Norwich to offer Gaming & Algorithms Course

This in from the Norwich Guidon:

The dining hall may serve the same food each semester, the same professors may teach year after year, and some traditions are forever, but there is one change for Norwich students to look forward to next fall: Brand-new classes.
Instead of assigning a textbook, Professor Jeremy Hansen, an assistant professor of computer science, is asking his students to choose one of their favorite games and purchase that for class.
Hansen is offering a new course titled Gaming and Algorithms.
“Although the class is a 400 level course, the material is not that advanced,” Hansen said, “It’s more for non-computer science and non-computer security folks to be introduced to the things people really shy away from in computer science like algorithms, probability and gaming theory.”
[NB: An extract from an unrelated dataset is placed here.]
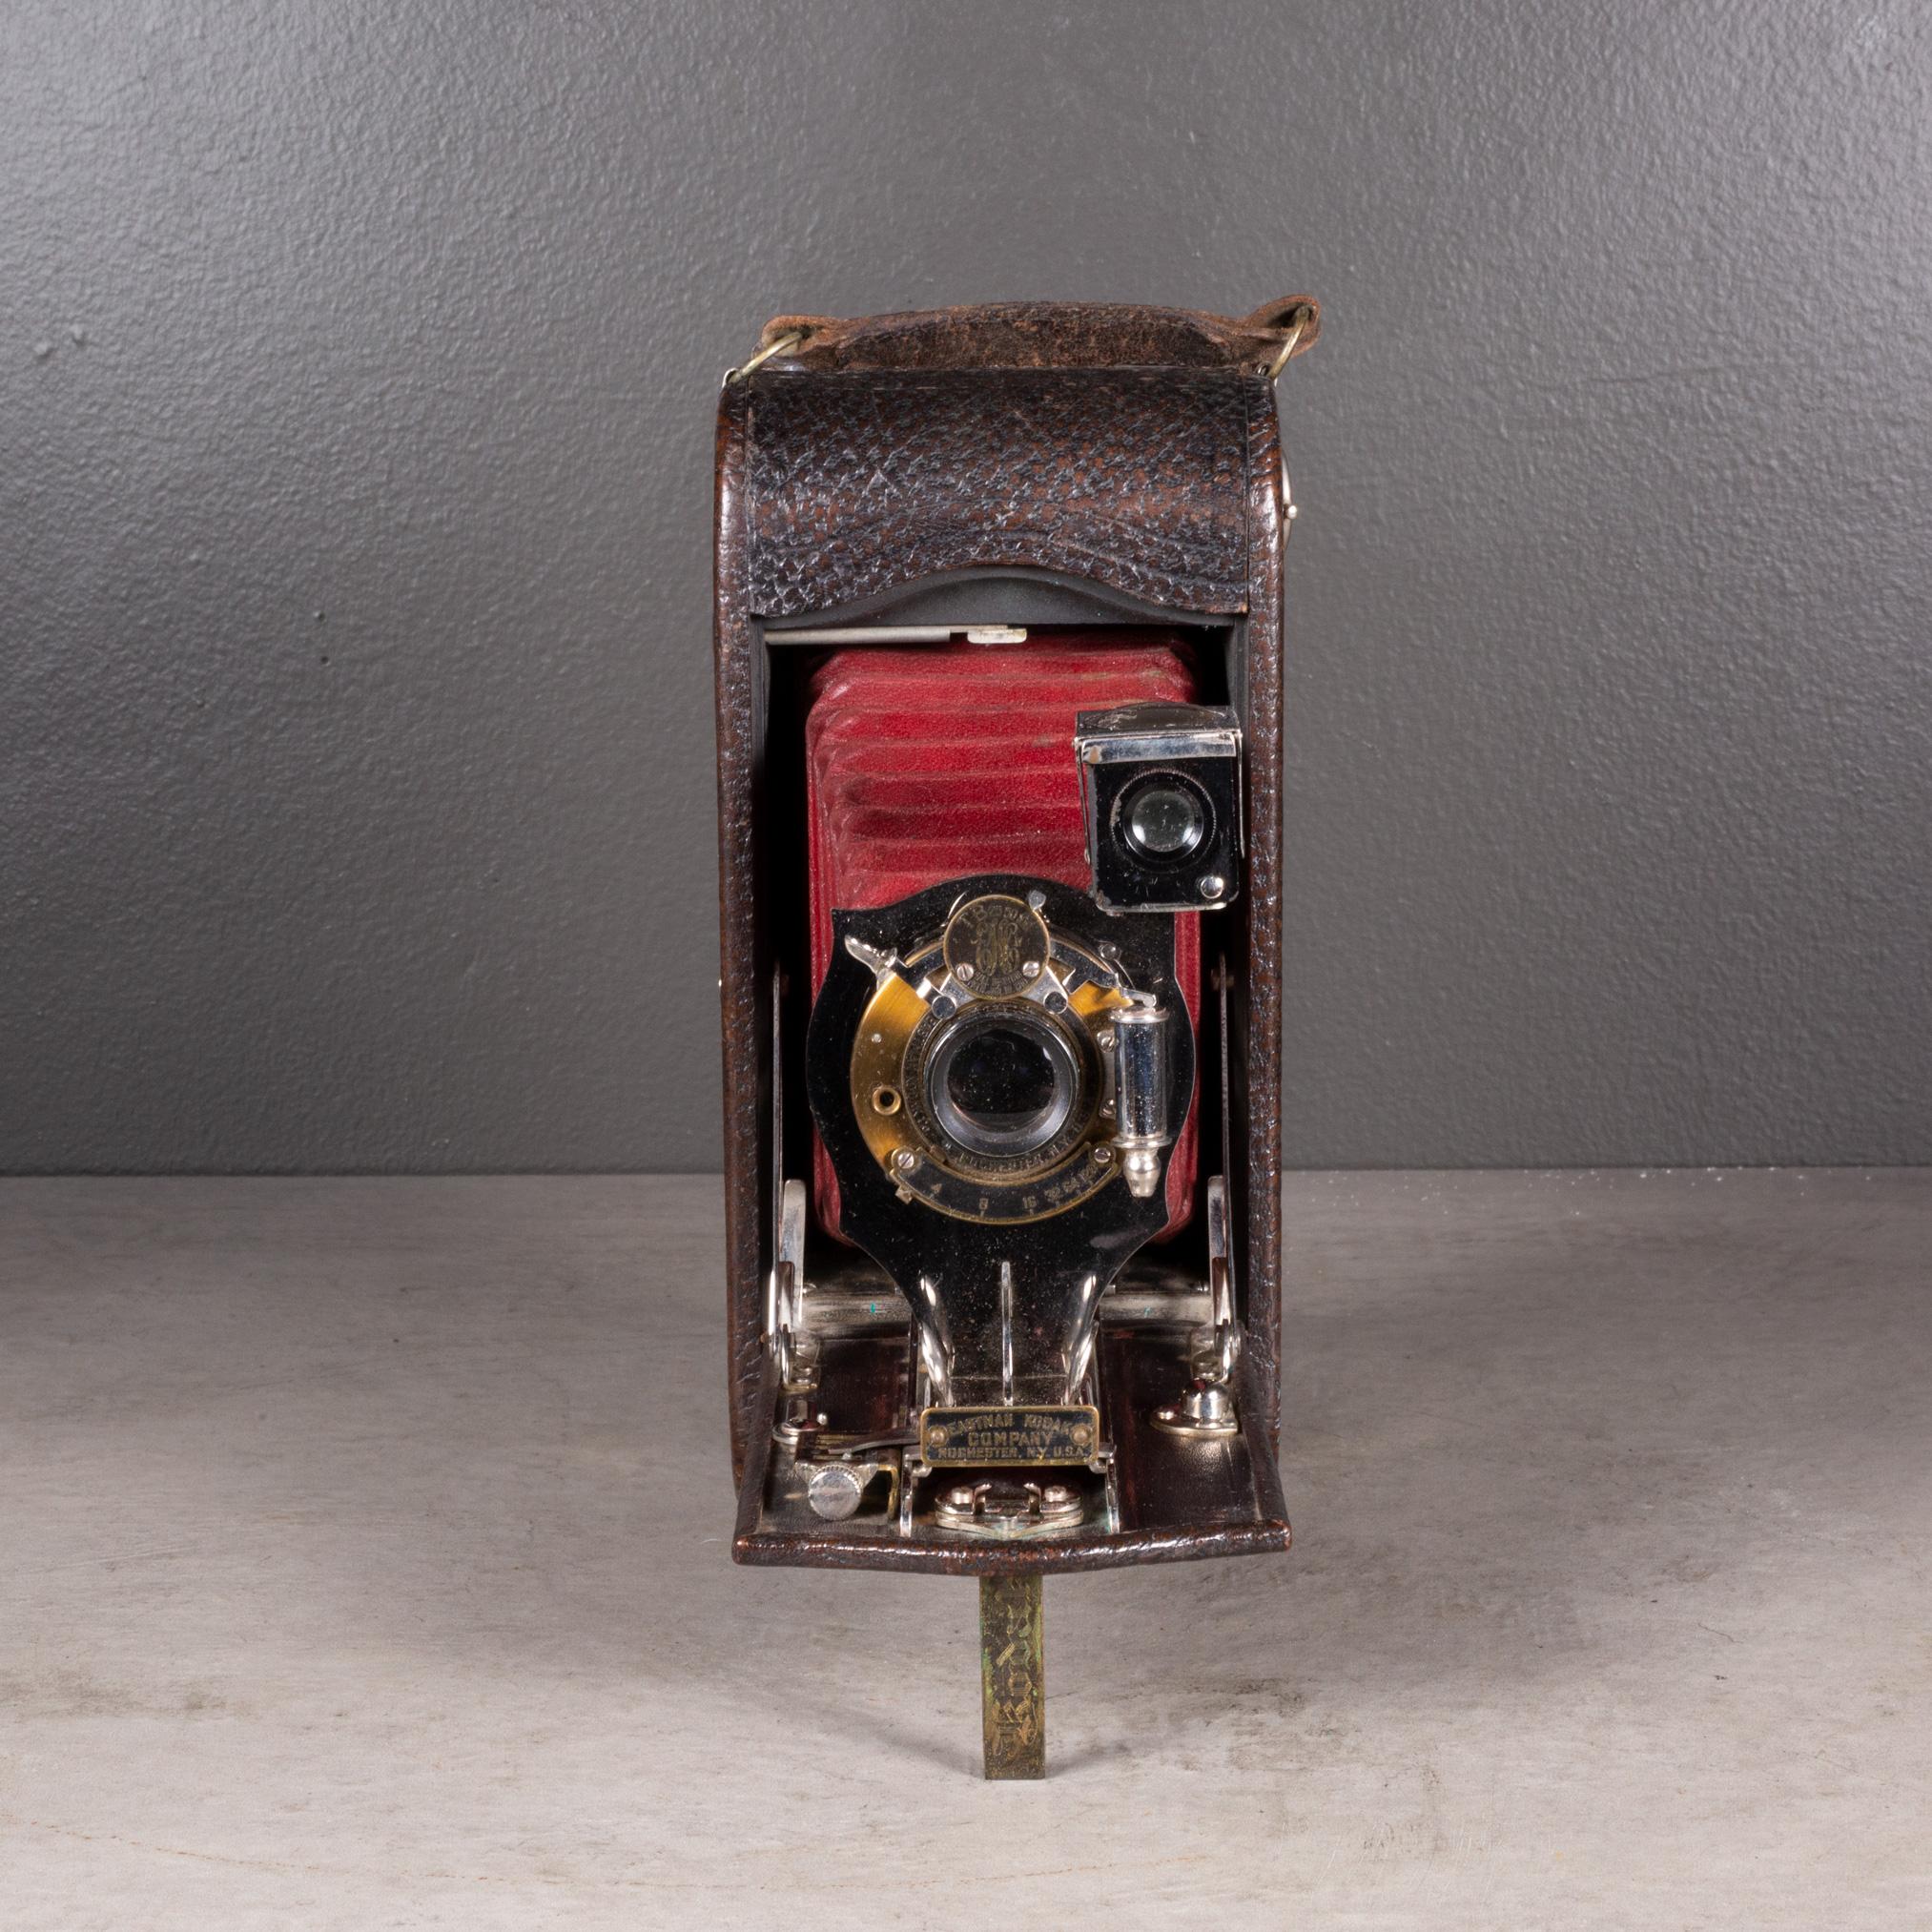 100 year old camera

This elective course is explained nearly entirely through games, according to Hansen. “Most people know how to play chess or checkers, but we are going to find out the purpose and strategies of the games,” Hansen said.
Meeting once a week, Hansen plans to divide the three hours into sections.
“(The students) will not be simply sitting at the computer and playing Bejeweled for an hour and a half, but the students will document things like rules and analyzing the state of the game,” Hansen said.
The course itself does not get into computer programming but, “if there are students with any programming backgrounds in the class, I may have them build the stuff because they have the resources,” Hansen said.
“It really boils down to games and problem solving,” Hansen said, but outside of the problem solving, he plans to look in the role of theme in a game.